Summary โ€” dataset 8-7 speedup relative to polars-bio (higher is better for polars-bio):

Operation polars-bio PyRanges1 GenomicRanges Bioframe
overlap 1.00x 0.18x 0.73x 0.13x
nearest 1.00x 0.06x 1.63x 0.04x
count_overlaps 1.00x 0.24x 0.19x 0.02x
coverage 1.00x -- 0.36x 0.05x
cluster 1.00x 0.61x -- 0.20x
complement 1.00x 0.53x 0.02x 0.06x
merge 1.00x 0.51x 0.02x 0.12x
subtract 1.00x 0.23x -- 0.05x

Thread scalability (dataset 8-7)

polars_bio_scalability_8_7.png One of polars-bio's key advantages is transparent multithreaded execution.
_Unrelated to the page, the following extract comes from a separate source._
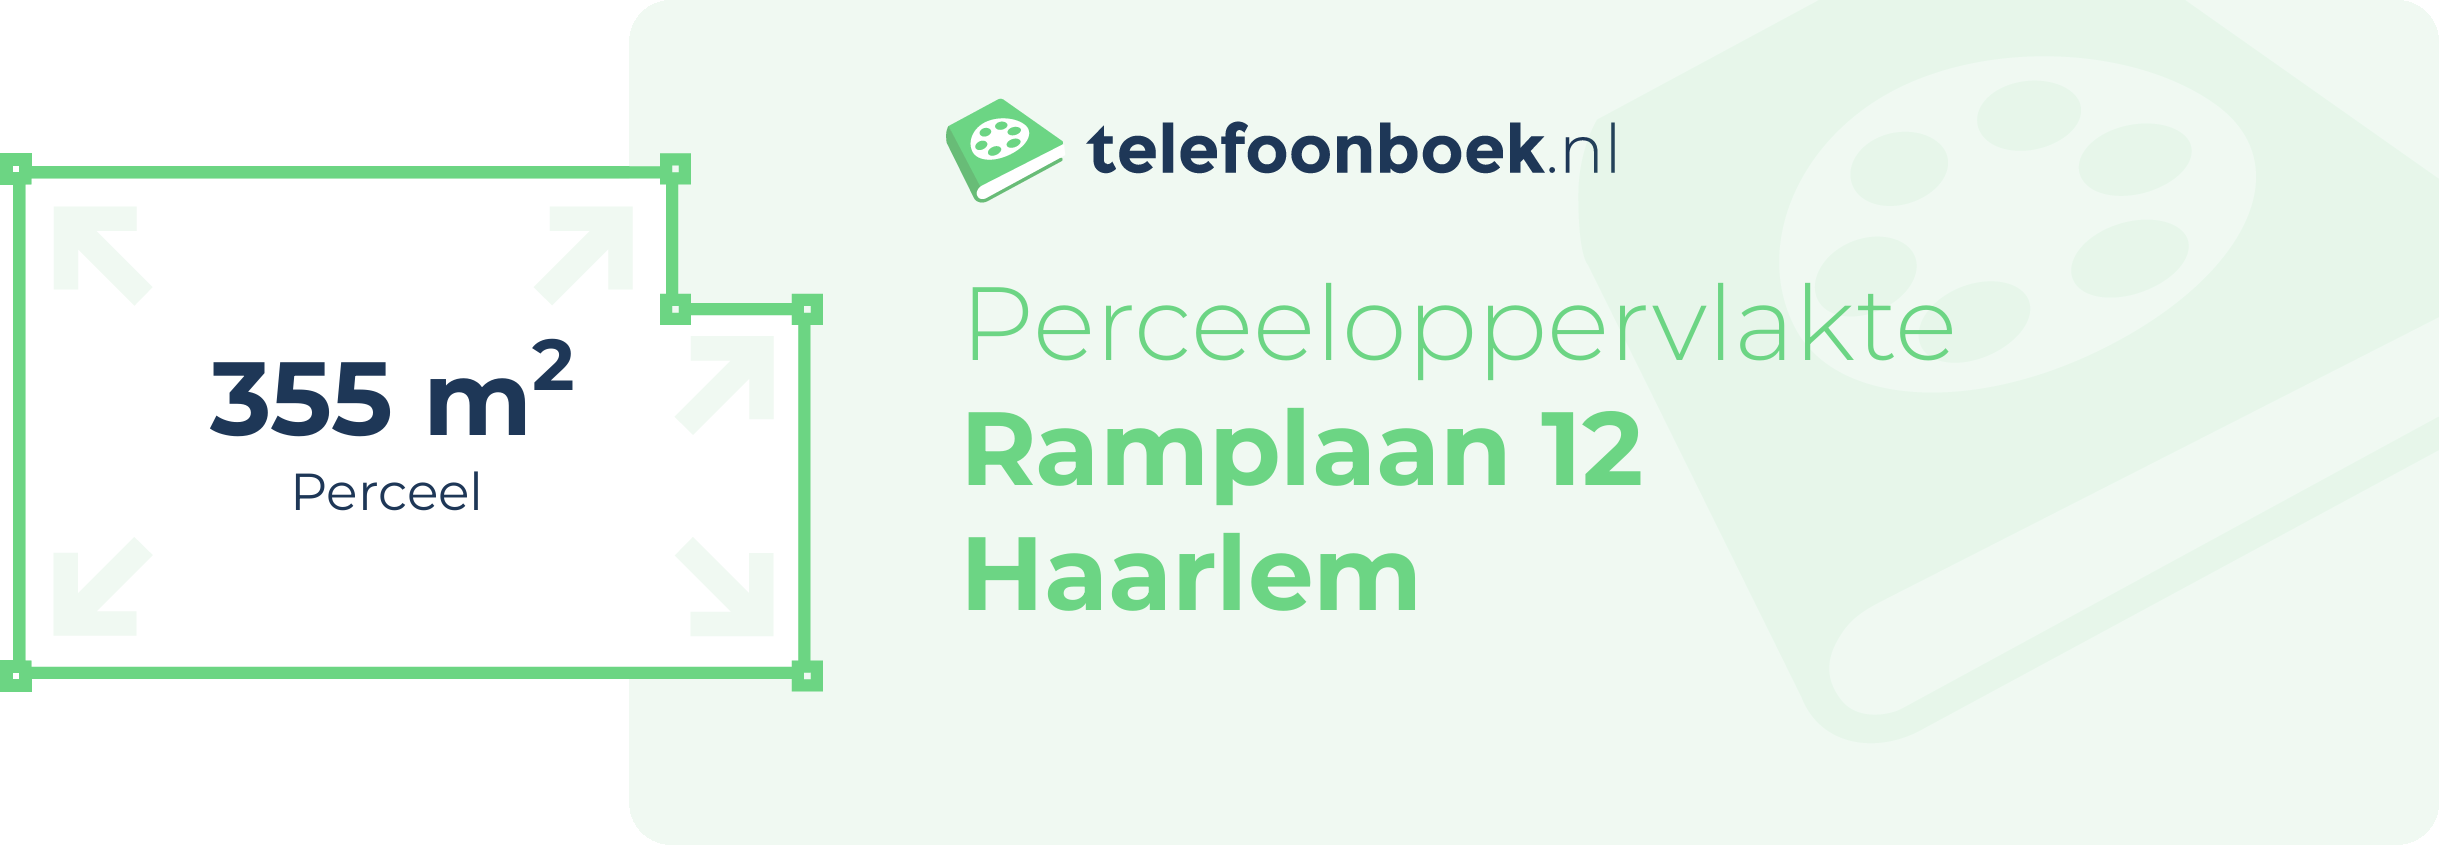 Perceeloppervlakte Ramplaan 12 Haarlem

The table below shows wall-clock times for all eight operations on the large dataset (8-7) as thread count increases:

Operation 1 thread 8 threads Speedup
overlap 4.03s 0.74s 5.43x
nearest 2.55s 0.44s 5.77x
count_overlaps 1.55s 0.27s 5.75x
coverage 1.20s 0.22s 5.48x
subtract 1.15s 0.17s 6.59x
merge 0.29s 0.05s 5.34x
complement 0.29s 0.06s 4.99x
cluster 0.48s 0.15s 3.27x

Key takeaways:

  • Most operations achieve near-linear scaling, with 5-6x speedup at 8 threads.
  • subtract scales best at 6.59x, while cluster shows more modest scaling (3.27x) โ€” expected, as clustering is inherently sequential within each chromosome.
  • At 8 threads, overlap on 307M result pairs completes in just 0.74 seconds.

Summary

  • polars-bio is the fastest single-threaded library for 7 out of 8 operations at scale, with speedups ranging from 1.5x to 25x over alternatives.
  • GenomicRanges wins the nearest operation and leads on small datasets, making it a solid choice when input sizes are modest.
  • polars-bio delivers excellent thread scaling (5-6x at 8 threads), turning already-fast single-threaded times into sub-second performance on large datasets.
  • PyRanges1, despite its recent preprint claiming "ultrafast" performance, is slower than polars-bio in every operation tested on large datasets (0.06-0.61x). While it is a solid improvement over its predecessor, the "ultrafast" characterization does not hold when compared against polars-bio's DataFusion-based engine.
  • Bioframe is consistently the slowest across all operations and dataset sizes.
  • The expanded eight-operation benchmark confirms that polars-bio's advantage extends beyond overlap and nearest to all standard range operation categories โ€” coverage, cluster, complement, merge, and subtract.

All benchmark code, raw results, and additional figures are available at polars-bio-bench.